The soils of the plains area of the United States, the largest wheat section in the world, accumulated nitrogen through countless ages. Abundance of nitrogen in the soil means strong wheat, provided climatic conditions are suitable to this crop. Depletion of nitrogen, with a demand for greater production per acre, means weaker wheat. The present-day miller is facing wheat problems unknown to the past generation. Then there is the change in the baking industry. Formerly most of the flour was used in the home. The housewife relies more on art than on science in baking, and she is able to make a satisfactory product from weaker flours. Her main purpose is to get palatable bread, and the number of loaves from a given quantity of flour is of secondary importance. Today probably more than half of our bread is baked in the commercial bakery, where profit must be a governing consideration. Not only is it necessary to make a bread suit-

able to the public taste, but the amount from any given lot of flour must be such that the shop will show a profit. Recently there have occurred tremendous mergers in the baking industry, It is stated on good authority that 40 flour buyers purchase 40 per cent of all the flour consumed in the United States.

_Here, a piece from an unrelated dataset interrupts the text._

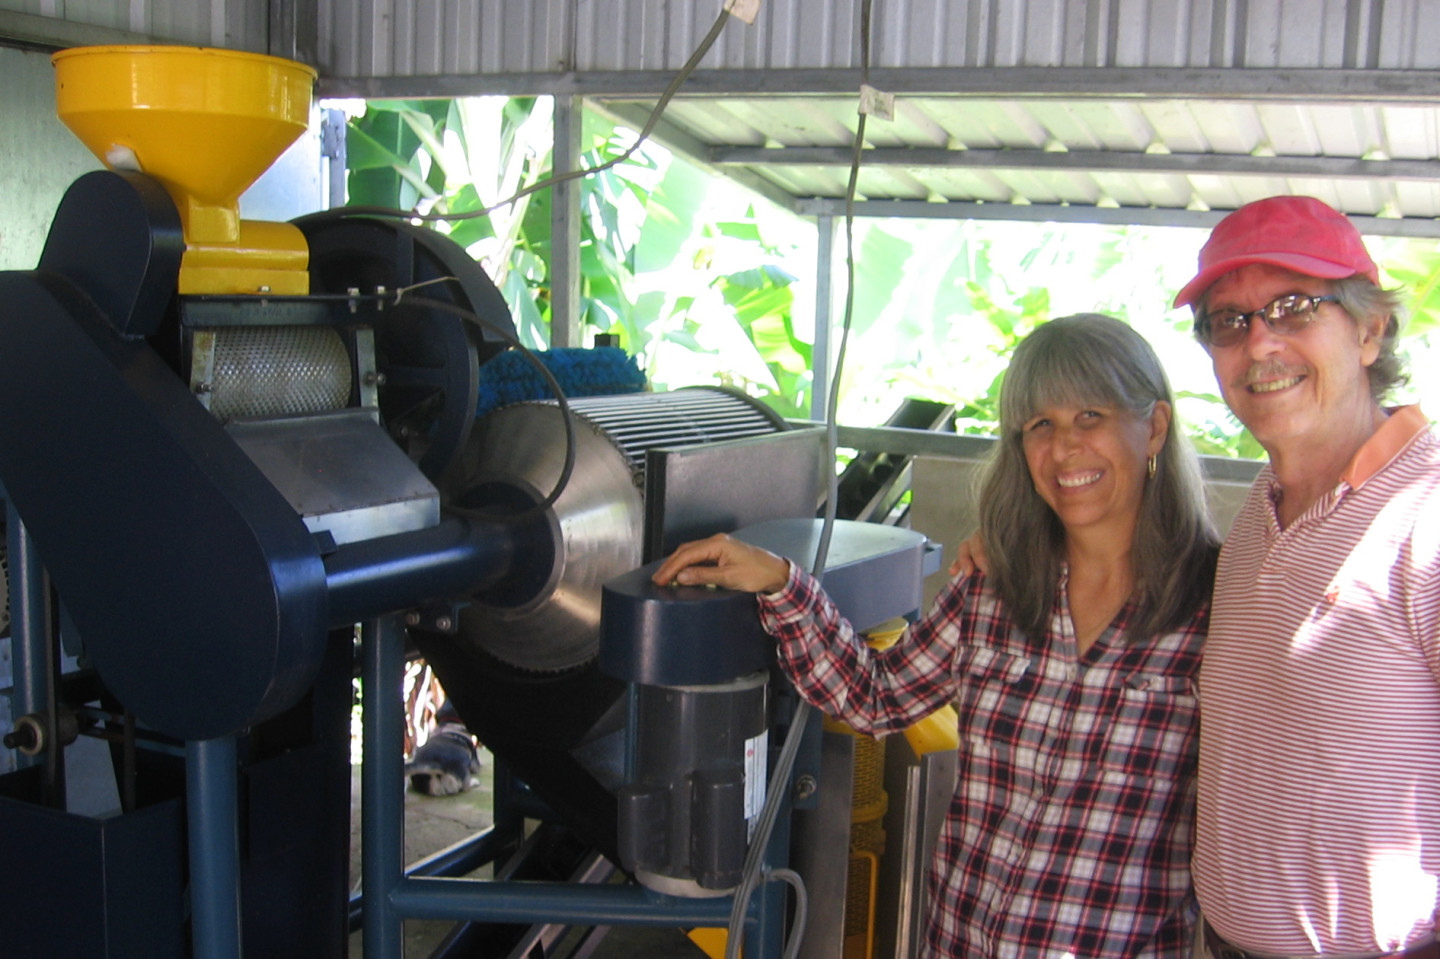 Elena Biamon and her husband, Miguel Sastre, have invested in this depulper and other equipment to process the coffee they grow.

This concentration gives them a tremendous advantage in bargaining with mills. They can dictate the quality to be supplied and, within certain limits, the price as well. This forces the mills to standardize their flour to a degree unknown until a few years ago. Some of the larger milling concerns have established brands well known to the public. These flours are not so much better than some other less well-known brands, but they are uniform to a superlative degree. They are the same today, yesterday, and forever. The mills that achieved this distinction were the first to establish chemical laboratories. Without this service, such success would not have been possible. Other mills soon found out that if they were going to stay in the race they also must have the services of chemists. At first the principal duty of the mill chemist was to make what may be called a “post mortem” examination of the flour. The mill ground hundreds and thousands of barrels a day. Several times during the day samples of flour were taken to the laboratory where the chemist determined the ash, moisture, and protein, and in many cases, also made baking tests. Value of Chemical Tests

What is the value of the ash test? The wheat kernel consists of three main parts-the endosperm, the bran coat, and the germ. The work of the mill is to separate the outside bran coat and the germ from the inside endosperm and convert the latter into fine, white flour. As the bran coat contains from twenty to twenty-five times as much ash as the endosperm, the ash determination shows very accurately how successfully the mill performs its work.